The small complicit uber rich community travel back and forth, enjoying their wealth and ruing nothing.

Even more depressing the departures settle elsewhere and are unlikely to relocate back to Borneo; relations frayed by time and new roots in greener pastures keep them away.

The whole philosophy to two substantial portions is deeply flawed.

The central economy think affects the two Borneo states most since distance mounts the difficulties. It’s quicker from Kuala Lumpur to nine other Asean capitals than to Kota Kinabalu. The manner in which the federal government resents more demands from the east, underlines how Putrajaya wants the Borneo states to behave.

The Semenanjung-centric think to culture and entertainment further places Borneo in the fringes. The textbooks minimise Borneo in our intellectual traditions, even Universiti Malaya, the best Malaysian university as the university boasts enough times has a Chinese department — also a China Studies Centre — and an Indian department, but not Borneo studies department. 

It seems if Borneo wants to preserve its thousands of years of traditions, it has to do it on its own. Others quietly quip: why can’t the Borneo people just adopt and accept the ways of the Semenanjung.

This Malaysia Day

A federalist writes this column, but I fear there’s too little concern about the ideological framework to which both sides of Malaysia can work with and work on.

Borneo can be the economic and political colossus for Malaysia, but only if it’s a priority, not a means to raw resources and political seats in the federal parliament. Indonesia said as much by initiating its transfer of capital to the island.

Kuala Lumpur has in the past, to ensure Umno dominance, played its hand to rupture Sabah and Sarawak governments.

The toxic culture to dominate and to force submission from opponents, borne in Malaya, has spread to all parts of the country. The mutated version played out in the east is far more vicious and drains their psyche and fills them with only suspicion of Malaya. Can they be blamed? They live the unfairness.
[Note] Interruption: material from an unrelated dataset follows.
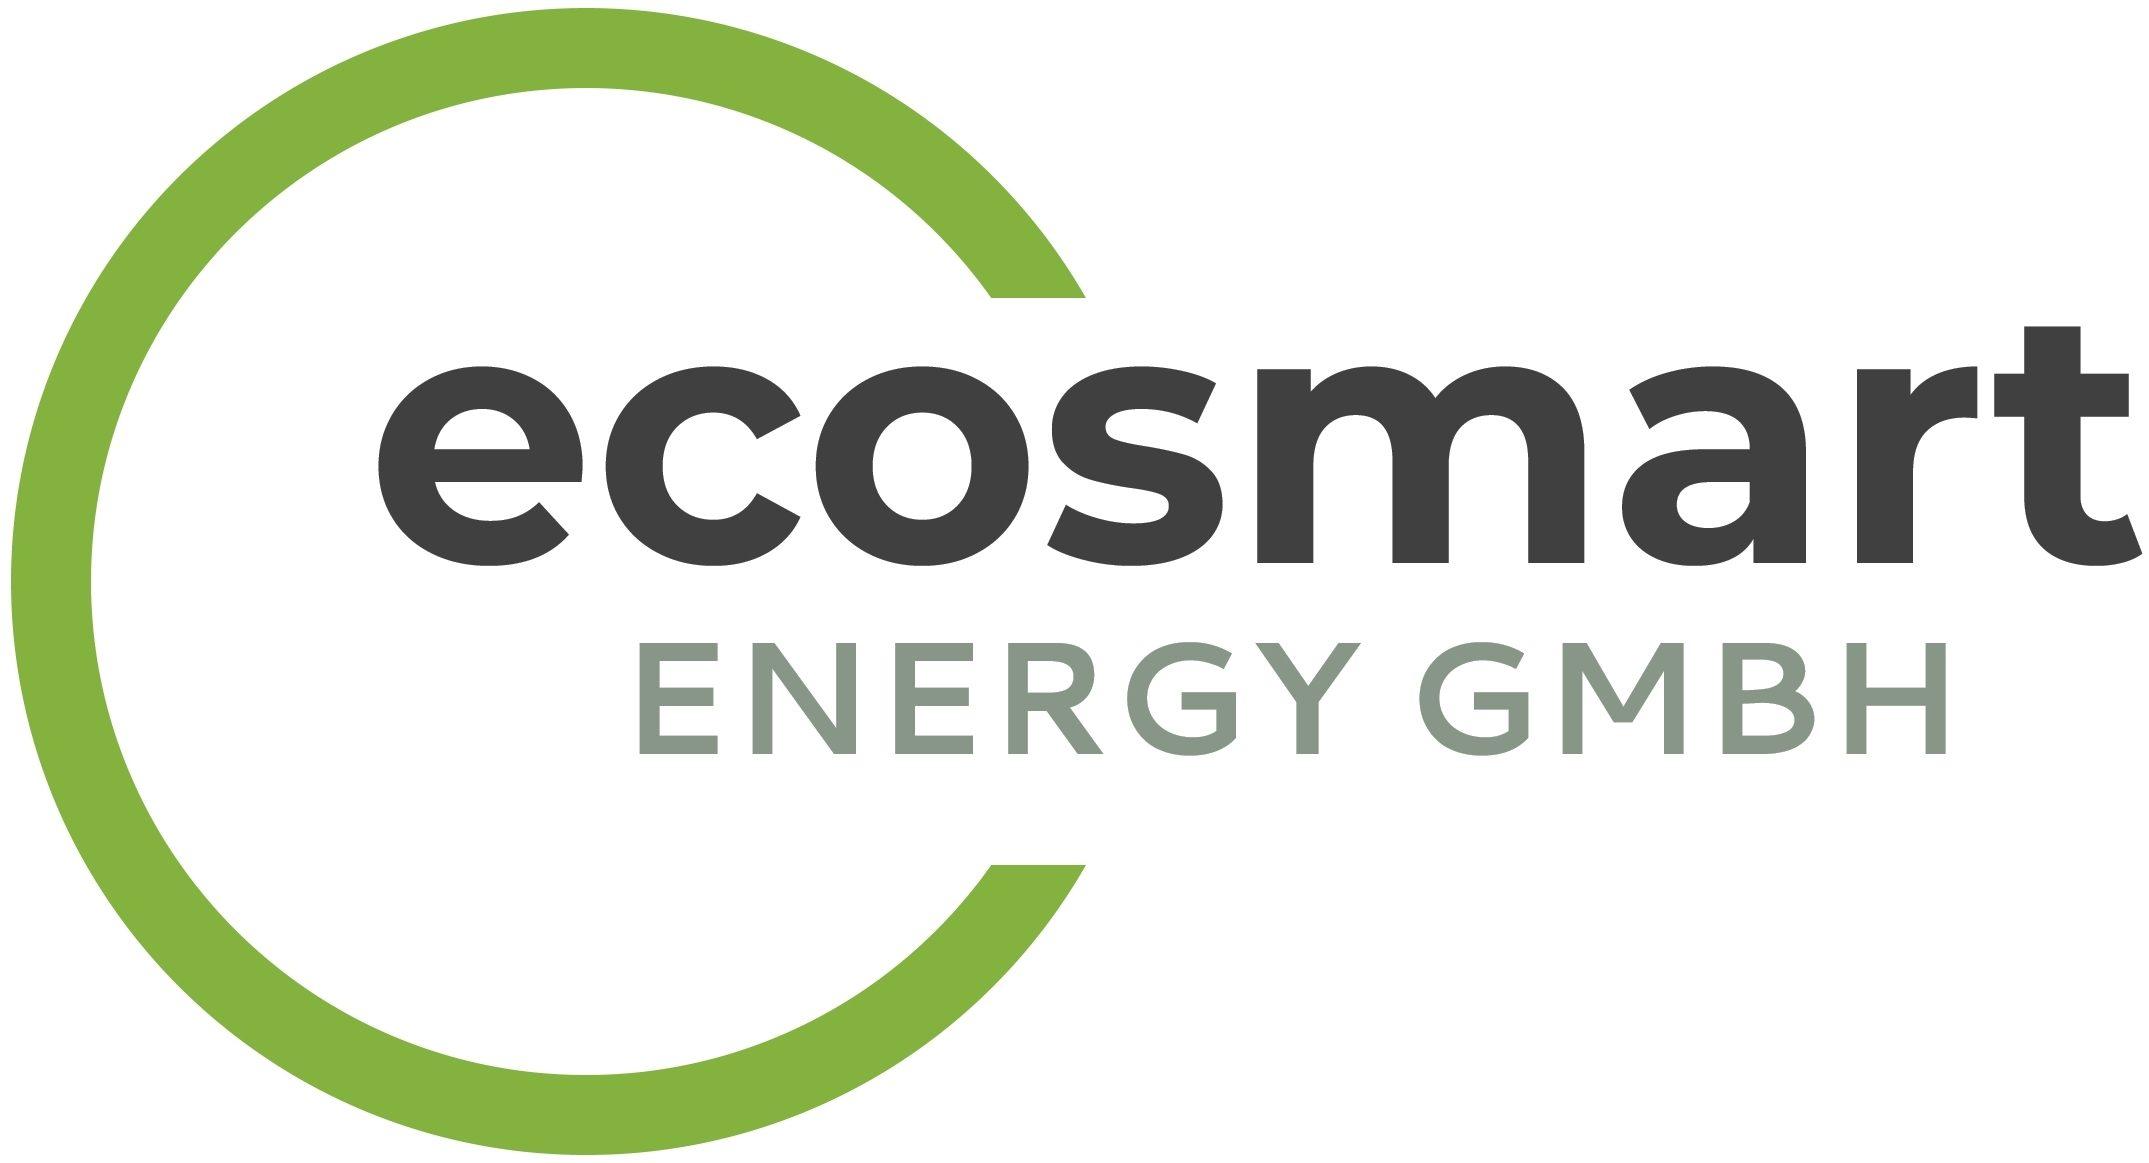 ecosmart ENERGY GmbH

But, if emotions and soft-liberal arguments don’t appeal to the powerful, then there’s the cold facts. 

Manipulating the people on a piece of land larger than the west and letting them have less of the federation in power, in economy and in social relevance will fester as a gaping hole. And be made worse by the world’s largest sea separating east and west.

The way back will be made difficult by past mistakes and it would require time.

The last country to have an east and west land bank physically separated was Pakistan. It did not work out too well. The solidarity of Asean insulates Malaysia from neighbours despite misgivings in Sabah and Sarawak. However, we can do better, much better.

We must match the aspirations of East Malaysia, not seek ways to contain it. Words won’t do soon, actions and defence of principles by the federal government will. All of Malaysia must commit to all of it as equal concerns.

Selamat Hari Malaysia to all of my countrymen.

* This is the personal opinion of the columnist.